Print the entire listing below word for word, excluding its pictures.

Start of Data block

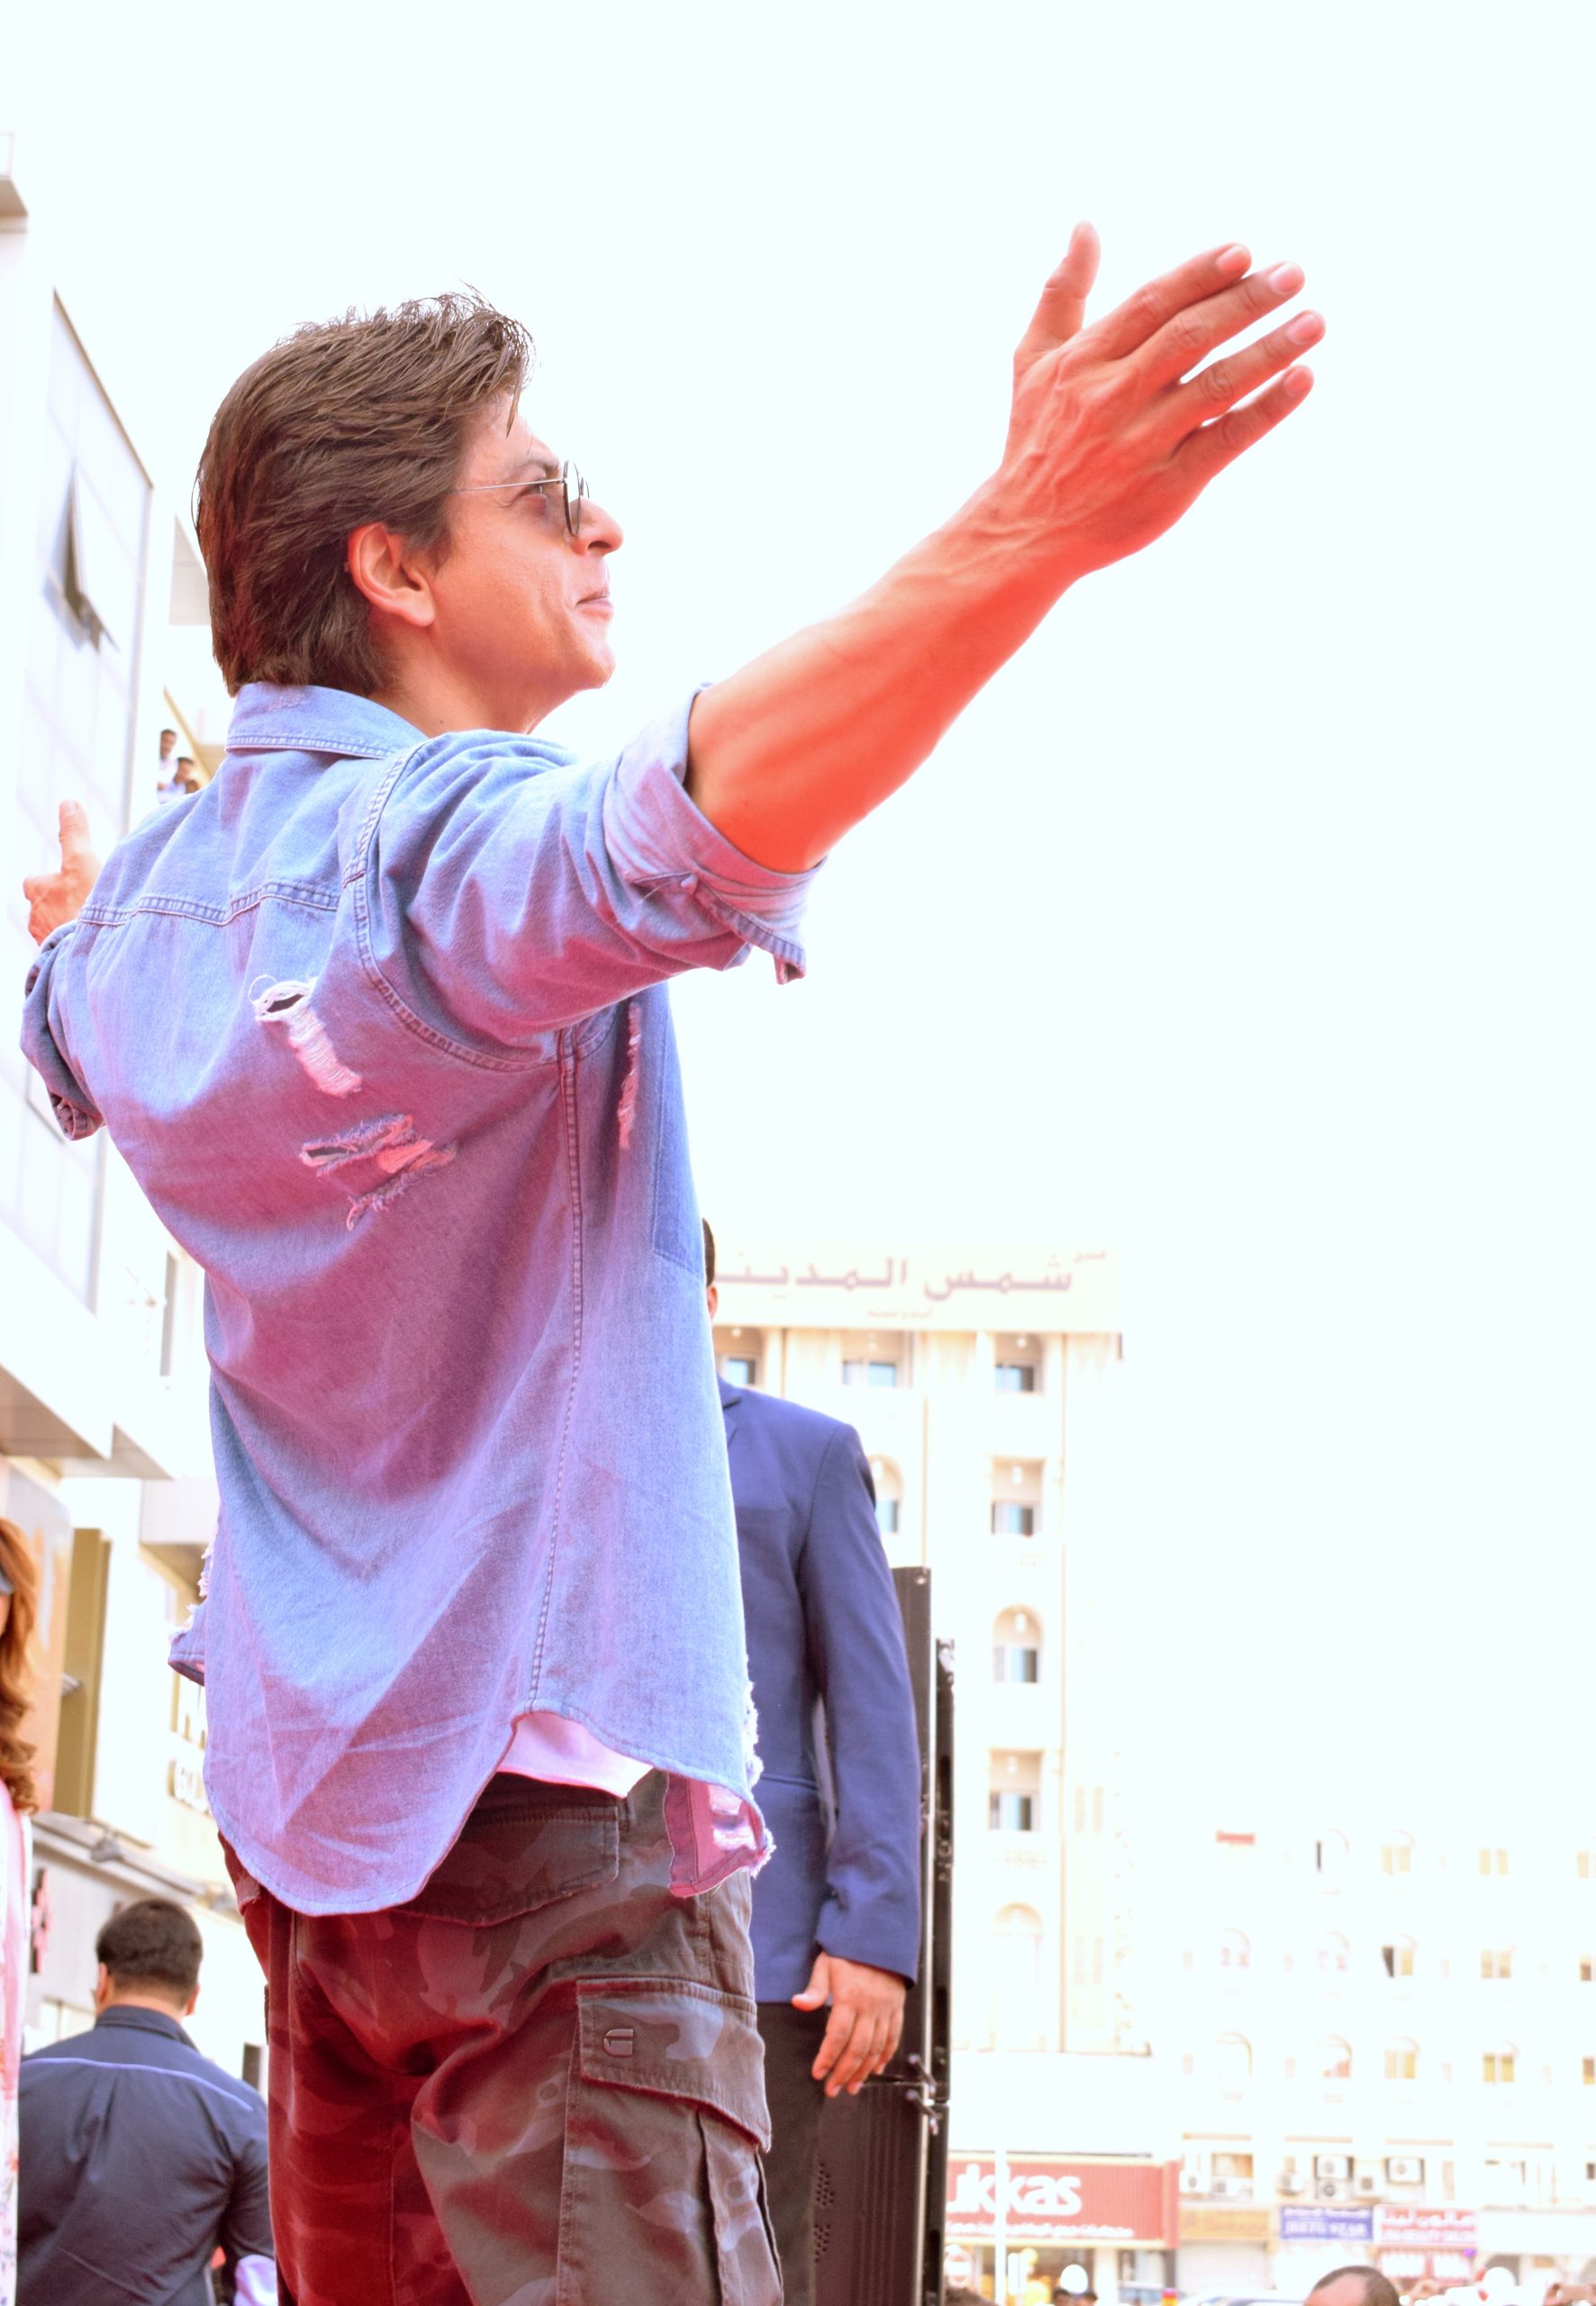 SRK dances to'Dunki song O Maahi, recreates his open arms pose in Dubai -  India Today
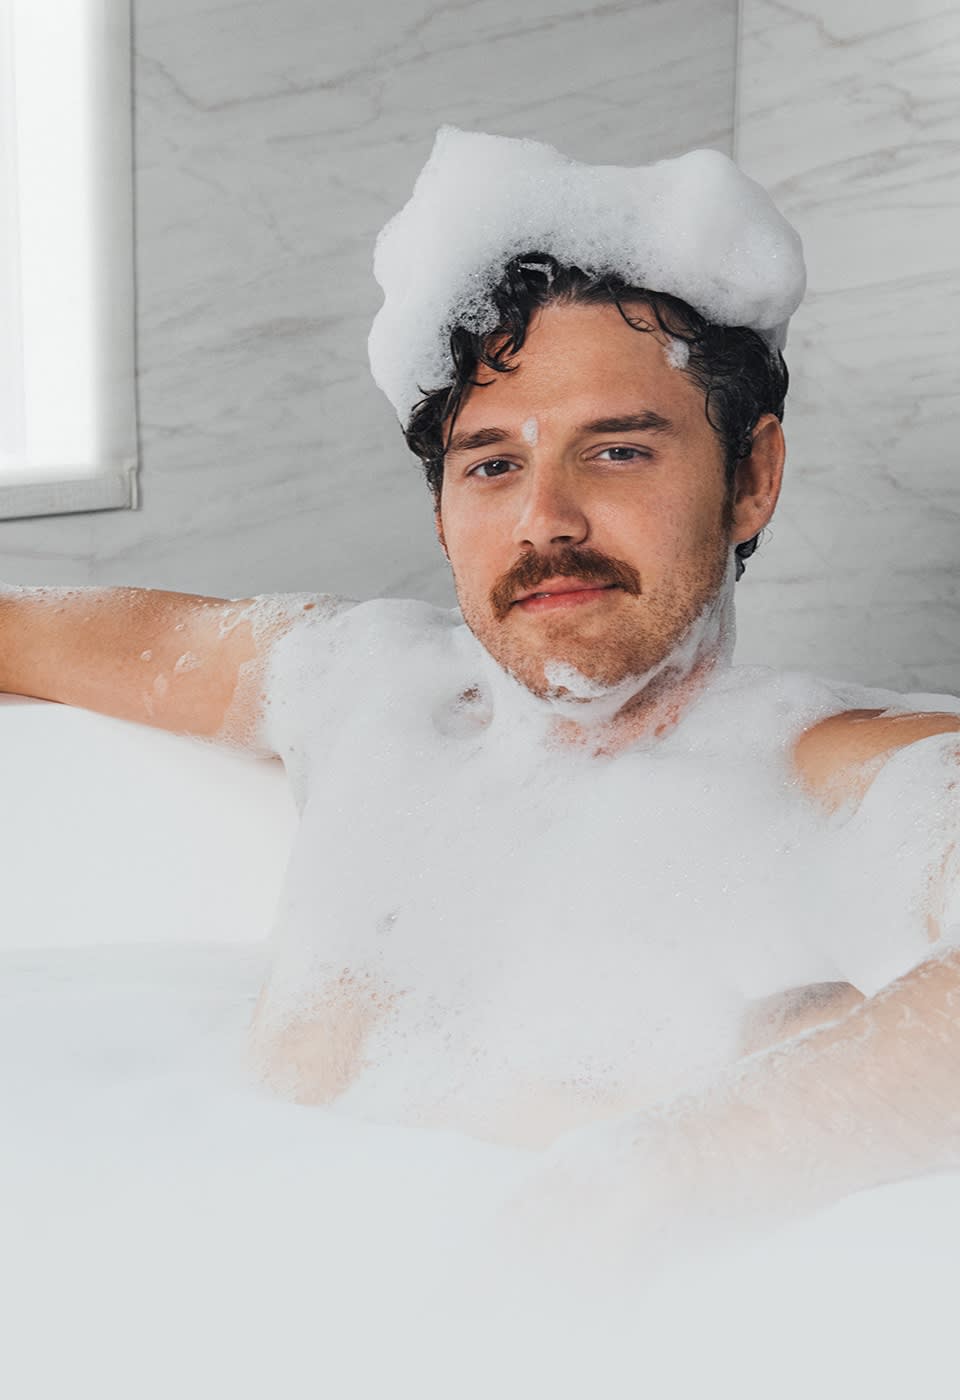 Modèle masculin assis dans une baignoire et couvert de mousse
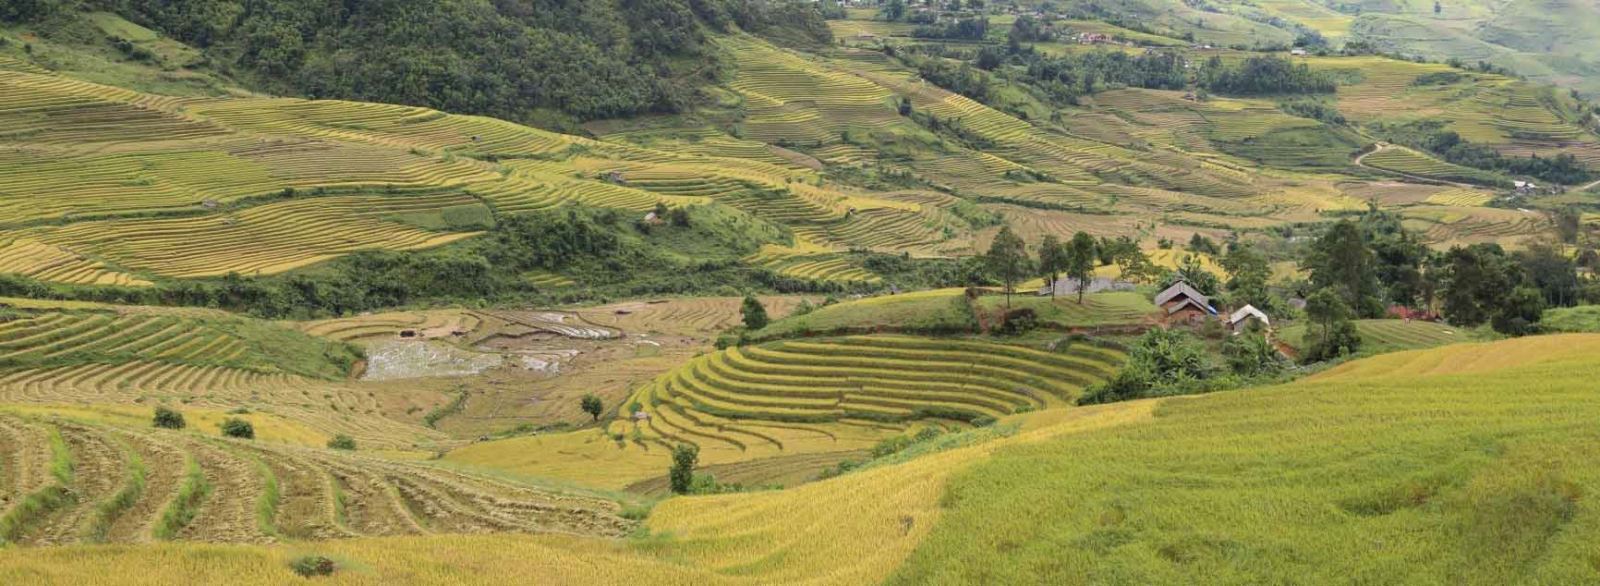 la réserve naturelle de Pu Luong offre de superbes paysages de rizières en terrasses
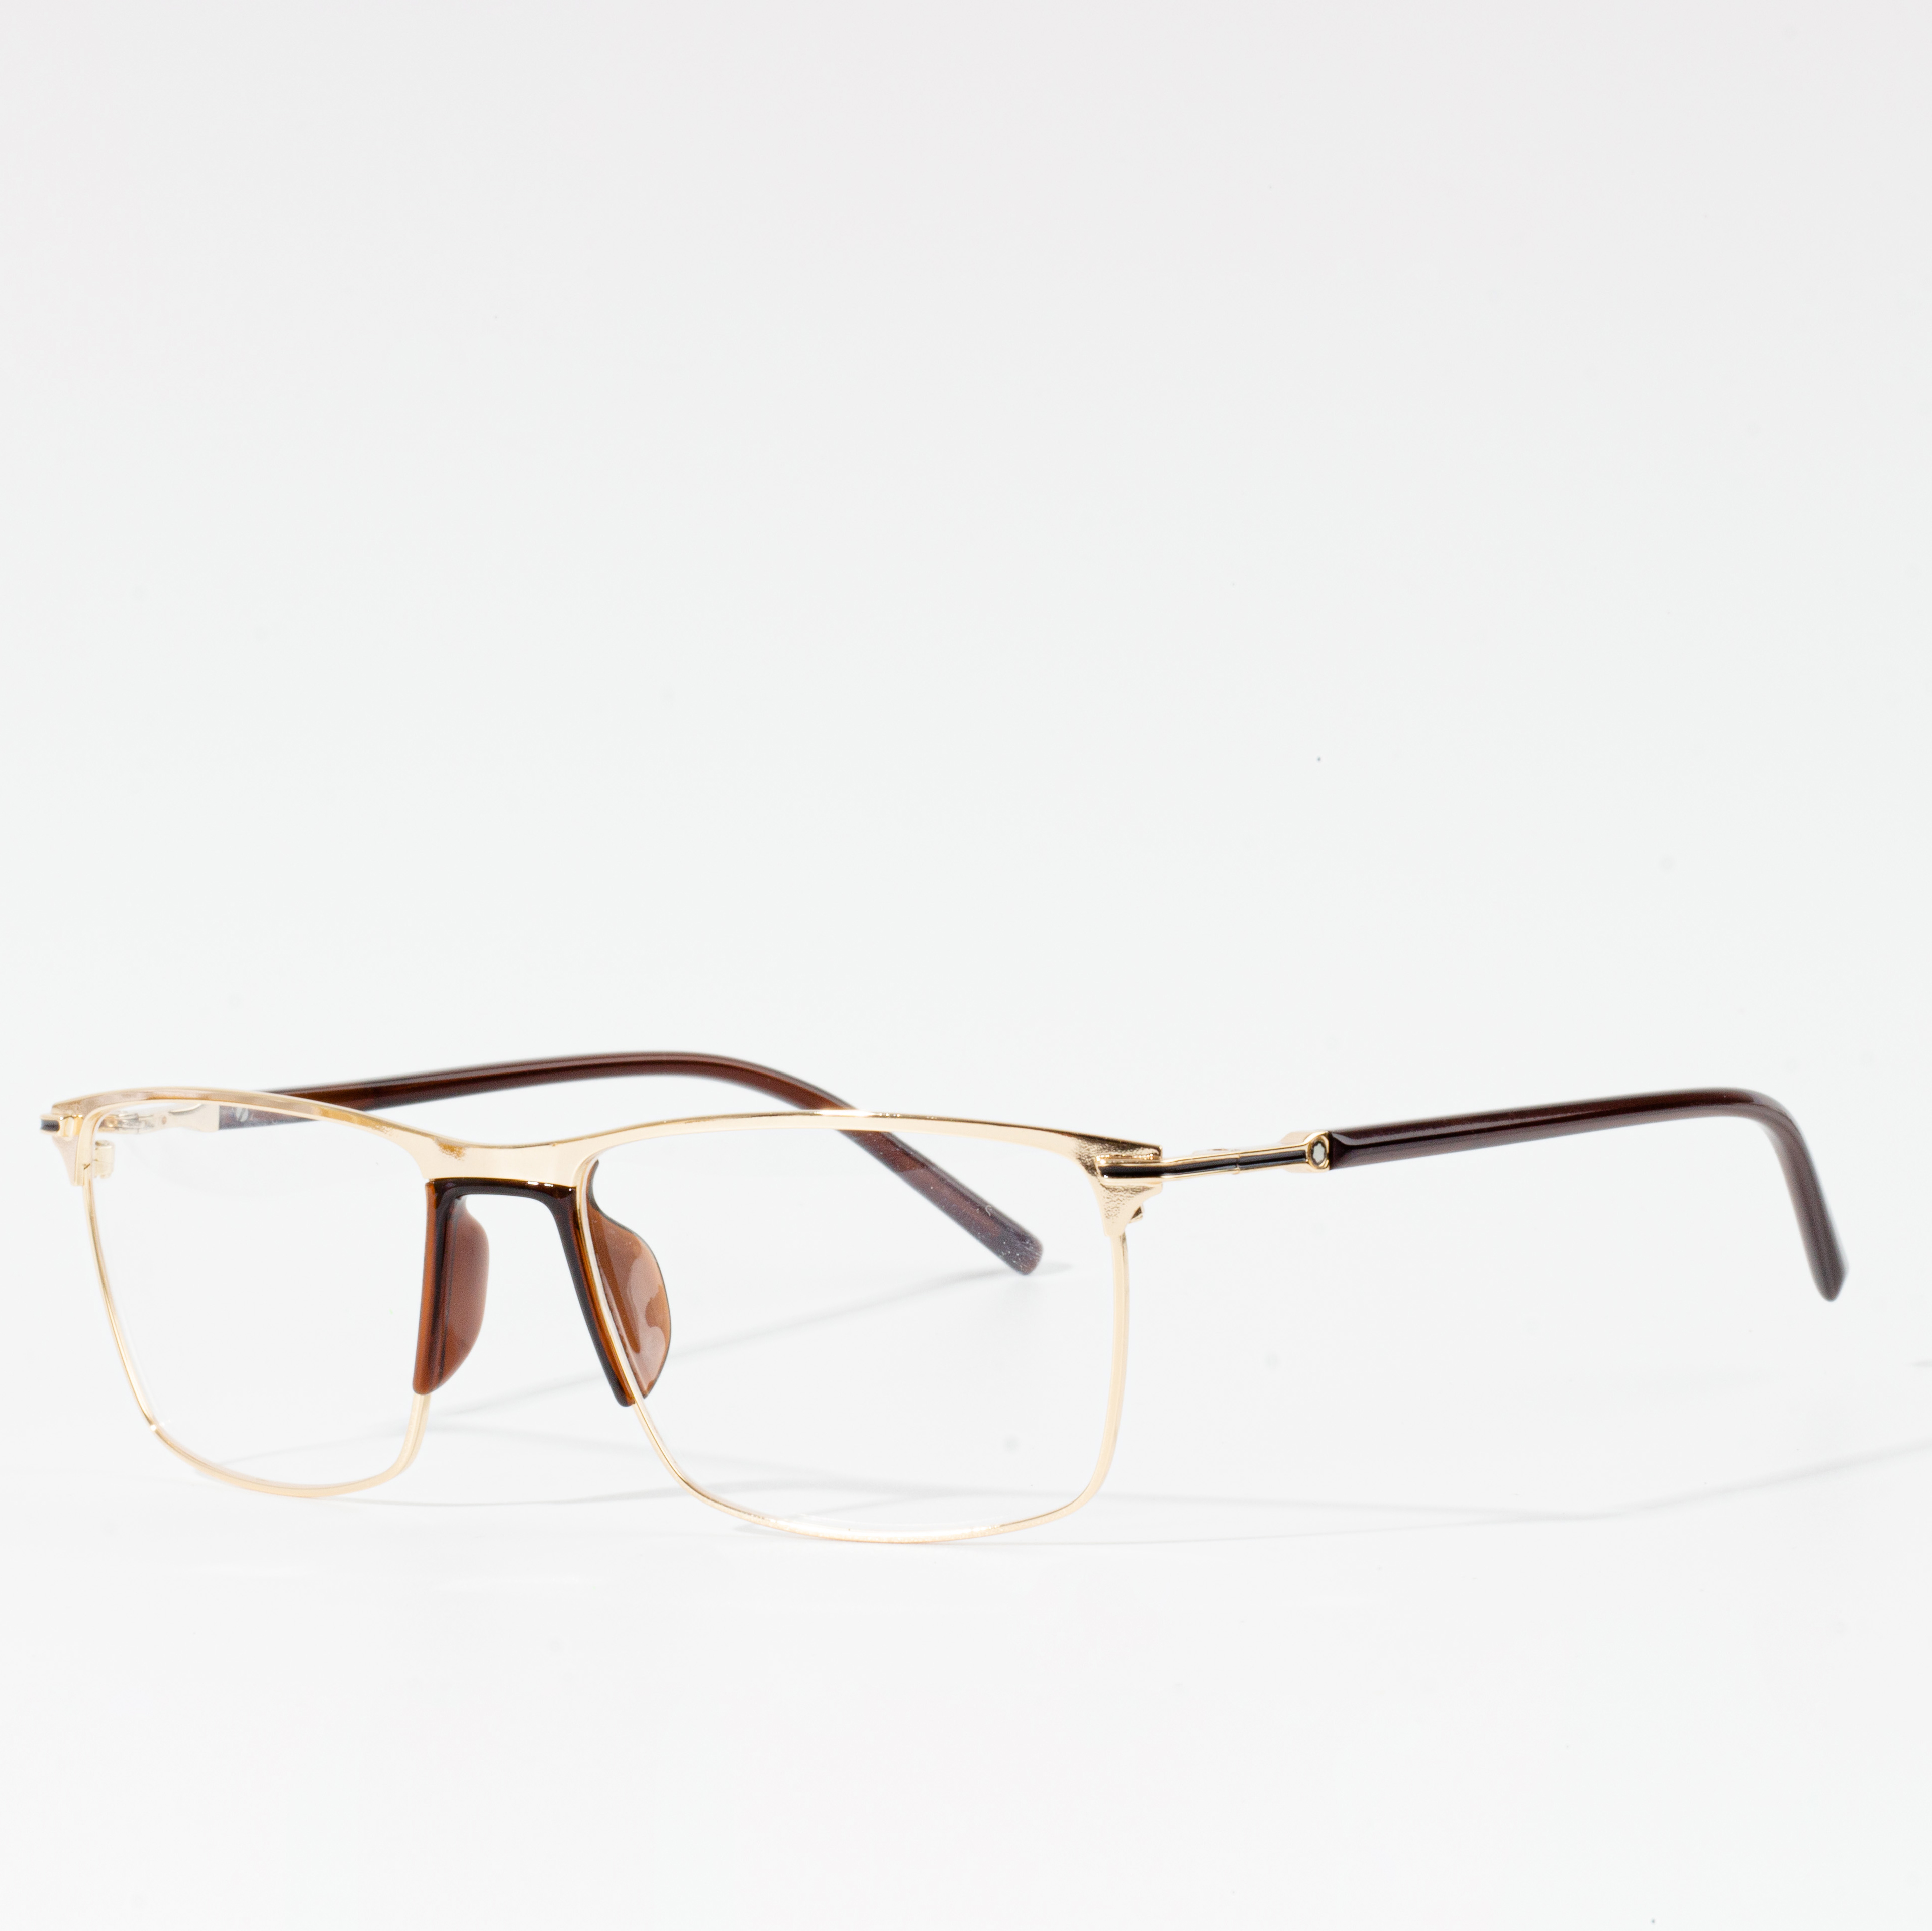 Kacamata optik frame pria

End of Data block

### Exercise answer
 SRK dances to'Dunki song O Maahi, recreates his open arms pose in Dubai -  India Today
 Modèle masculin assis dans une baignoire et couvert de mousse
 la réserve naturelle de Pu Luong offre de superbes paysages de rizières en terrasses
 Kacamata optik frame pria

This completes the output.